Galeristin Karin Abt-Straubiner und Franziska Gehr vor einem Werk von Ferdinand Gehr. Foto: Martin Bernklau

Im Studio der Galerie Abtart sind Werke des Schweizer Sakralkünstlers Ferdinand Gehr zu sehen.

Möhringen - So ein kulturelles Joint Venture gibt es nicht alle Tage. Die Möhringer Galerie Abtart widmet sich gemeinsam mit der evangelischen Kirchengemeinde Sonnenberg dem vielleicht bedeutendsten modernen Sakralkünstler der Schweiz, Ferdinand Gehr. Er hat die Bildteppiche geschaffen, diese sechs im Kirchenjahrswechsel über den Altar gehängten Antependien, mit denen Farbe in die asketische Sonnenberger Kirche kam. Der Züricher Architekt Ernst Gisel hat sie vor fast 50 Jahren gebaut – ein lichtgeleitetes Gesamtkunstwerk der Moderne unter Mitarbeit von Fritz Leonhardt und Frei Otto für das Zeltdach.
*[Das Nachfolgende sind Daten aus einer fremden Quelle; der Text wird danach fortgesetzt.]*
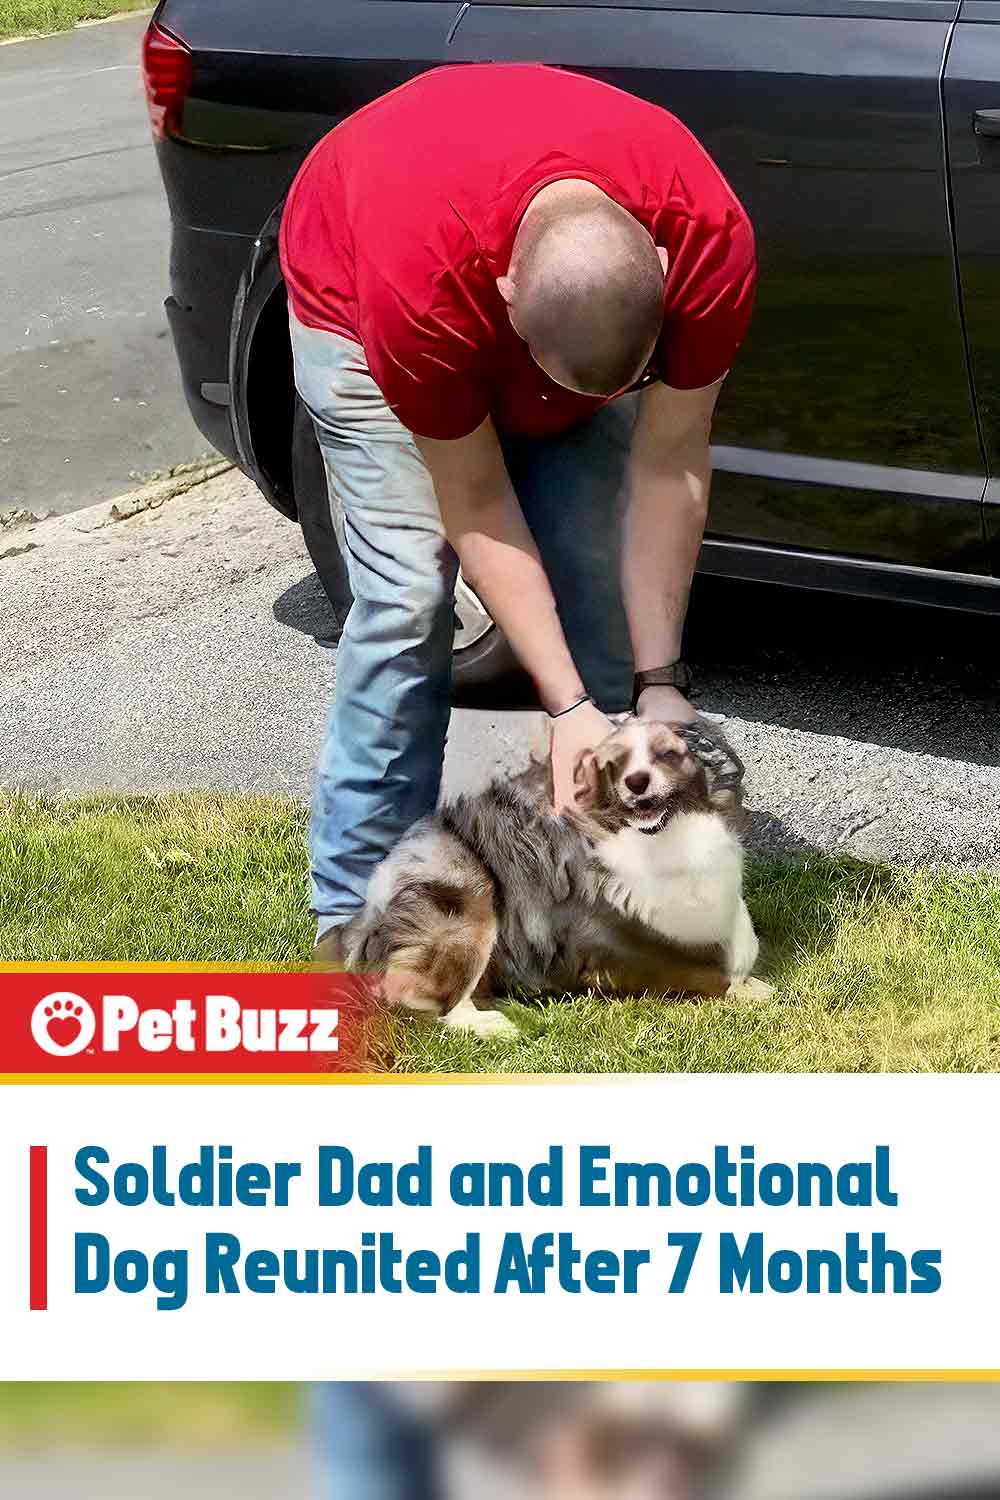 Soldier Dad and Emotional Dog Reunited After 7 Months

Ferdinand Gehr ist 1996 fast hundertjährig gestorben. Zur besonders gut besuchten Vernissage im Studio 57A begrüßte Hausherrin Karin Abt-Straubinger nicht nur seine Tochter Franziska Gehr, die seinerzeit Mitarbeiterin war, die Teppiche nach seinen Entwürfen knüpfte und fürsorglich den Nachlass verwaltet. Auch Ernst Gisel war gekommen, der Baumeister des 1966 geweihten Gotteshauses. Pfarrer Johannes Bröckel von der Sonnenbergkirche war als wichtigster Partner natürlich auch zugegen. Er hielt, aus Anlass des Gehr-Gedenkens, am Vormittag des gestrigen Himmelfahrtstages einen gut besuchten Gottesdienst vor Ort: inmitten der spektakulären zeitgenössischen Architektur der Galerie Abtart.
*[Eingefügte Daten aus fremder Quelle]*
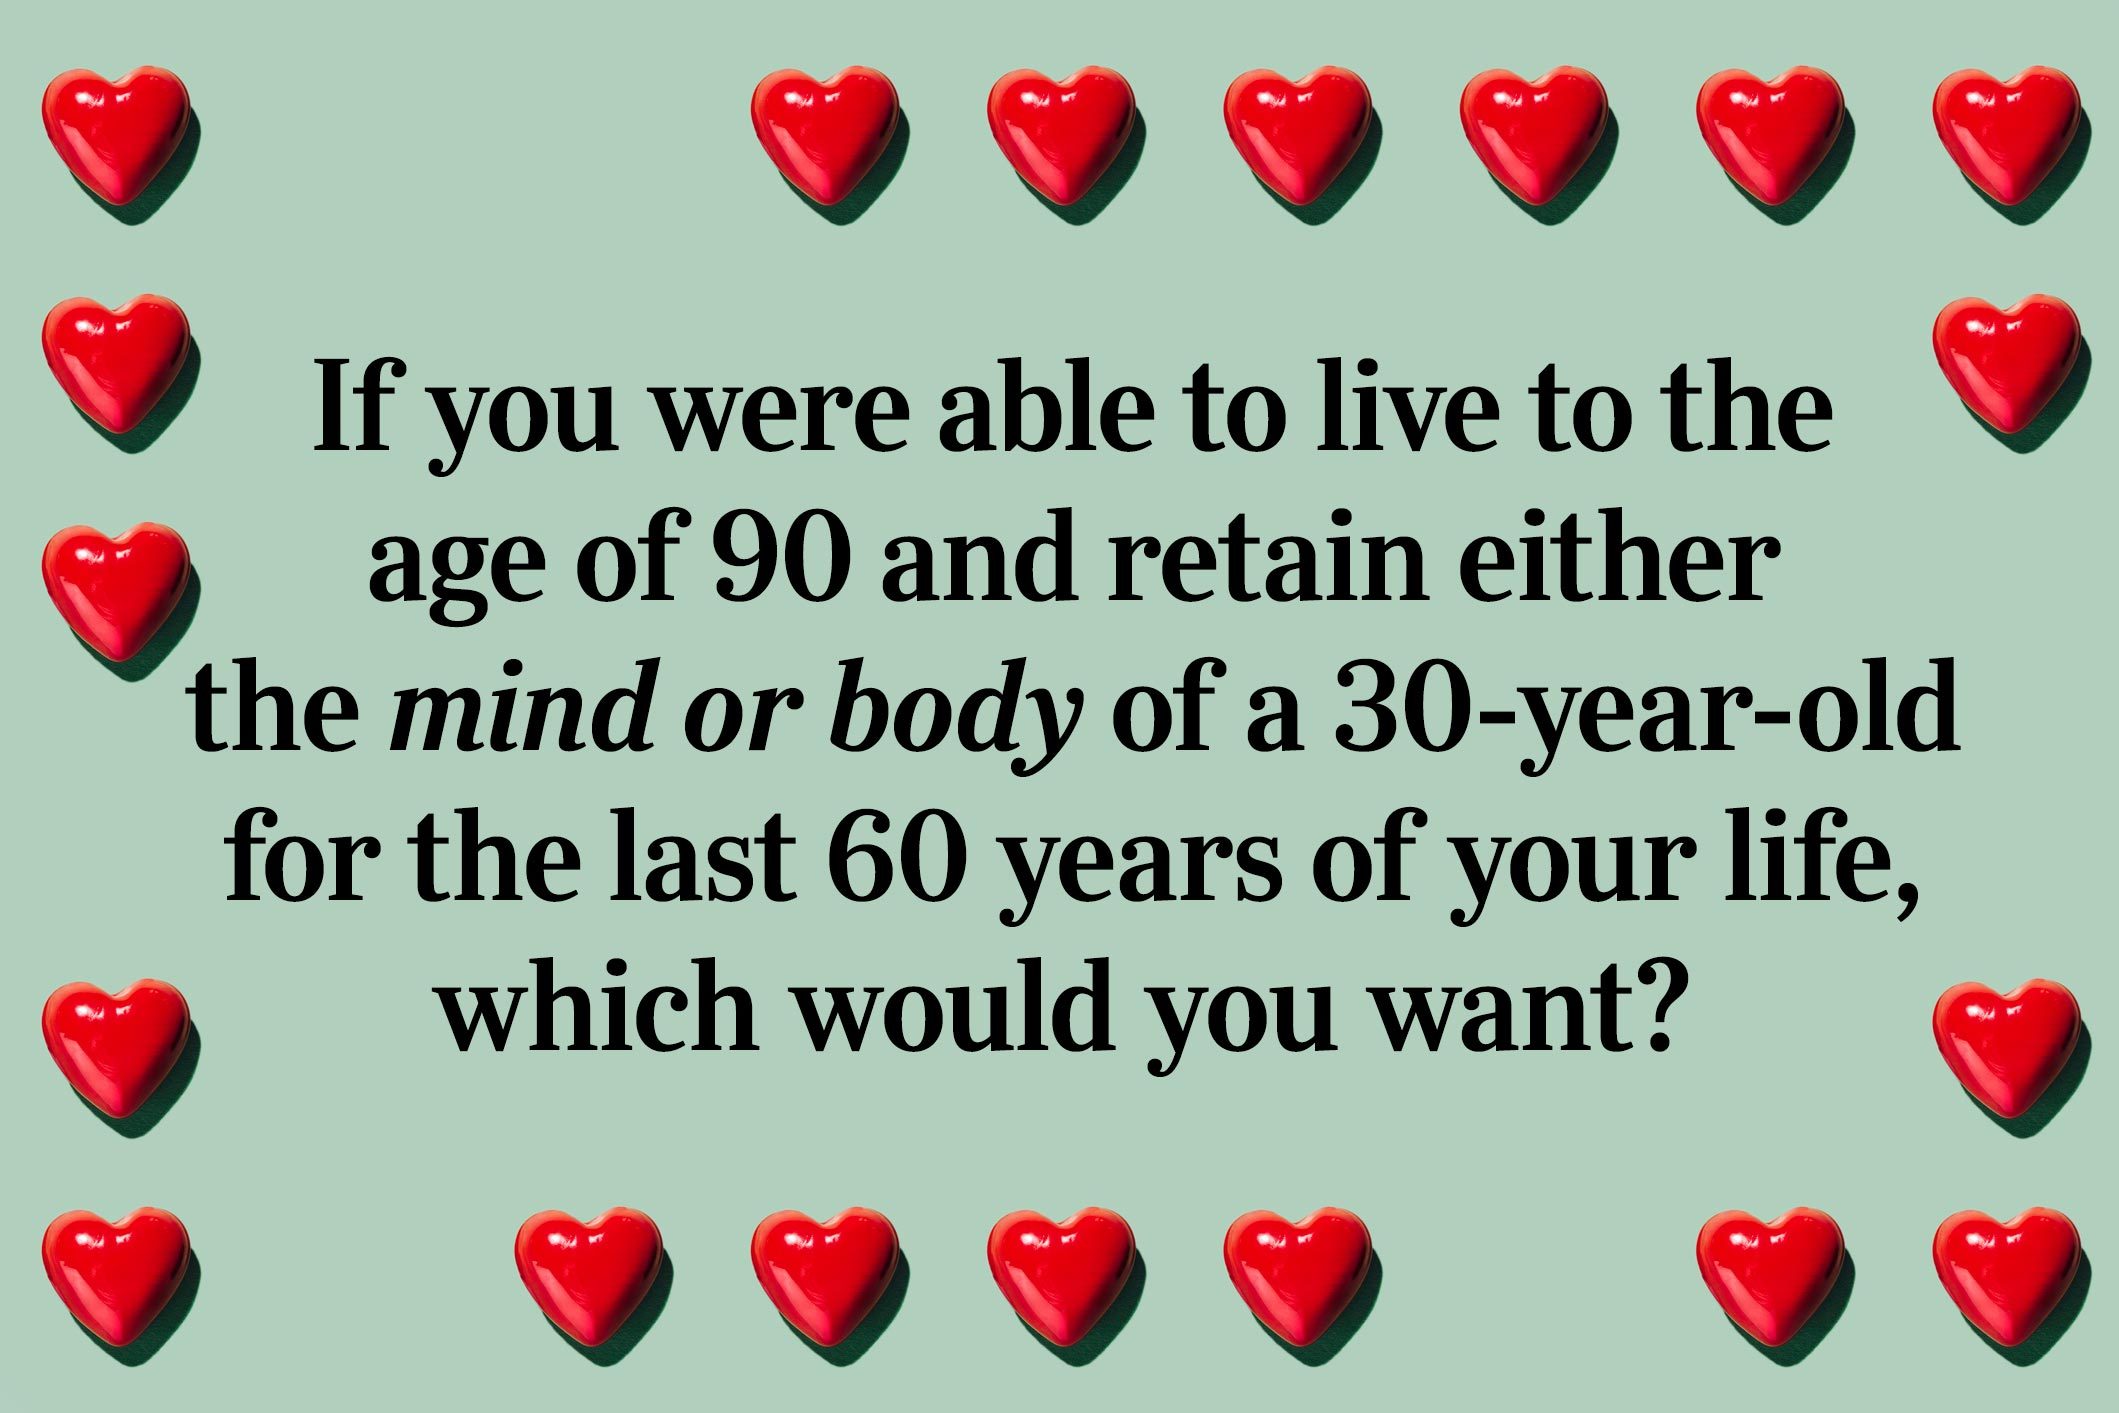 <p>If you were able to live to the age of 90 and retain either the mind or body of a 30-year-old for the last 60 years of your life, which would you want?</p> <p>Don't forget to play some <a href="https://www.rd.com/article/brain-games-quizzes-puzzles/">brain games</a> and give your mind a workout.</p>

Ferdinand Gehr stammte aus dem Bauerndorf Niederglatt in der St. Gallener Gegend. Als Strickereizeichner bildete er sich nach dem ersten Weltkrieg an der Kunstgewerbeschule fort und kam als Malschüler in Florenz, Berlin und Paris ins Umfeld vieler prägender Künstlerfreunde der frühen Moderne. Von Henri Matisse mag er zu flächig ornamentaler Reduktion, von Emil Nolde zu expressionistischer Farbgebung und dem Leuchten von Blumen inspiriert worden sein. Der Elsässer Hans Arp aber, dadaistische Bildhauer, Maler und Dichter, wurde sein wichtigster Mentor in der wilden Zwischenkriegszeit, in der ihn erste Aufträge zur Kirchenkunst führten. Gläubig war er, und auch nach den Goldenen Zwanzigern sehr an Literatur und Theater interessiert. Gerühmt wurde an Ferdinand Gehr schon recht bald die Sensibilität, mit der er seine elementar einfachen Bildwerke von Freskomalerei bis Textil in die Raumbildung der Architektur einzufügen verstand: Konzentration und Innerlichkeit in kraftvoll klarer, konzentrierter Bildsprache sollten, so urteilte der Kirchenarchitekt Hanns Brütsch, „jene vierte geistige Dimension“ eröffnen.

Die Ausstellung im Abtart-Studio – um den zentral gehängten grünen Teppich für die Sonntage nach Trinitatis – zeigt natürlich nicht nur die an den christlichen Glaubensmysterien und ihren Zeichen gewachsene Kunst Ferdinand Gehrs, sondern gerade auch deren Umfeld, das von floralen bis zu erotischen Motiven, von suchender Figuration bis zu monumentaler Form-Essenz seine bildnerische Kreativität beleuchtet. Die ikonisch-christliche Symbolik schrieb Gehr ganz individuell fort in Zeichen, die rätselhaft und offen sind.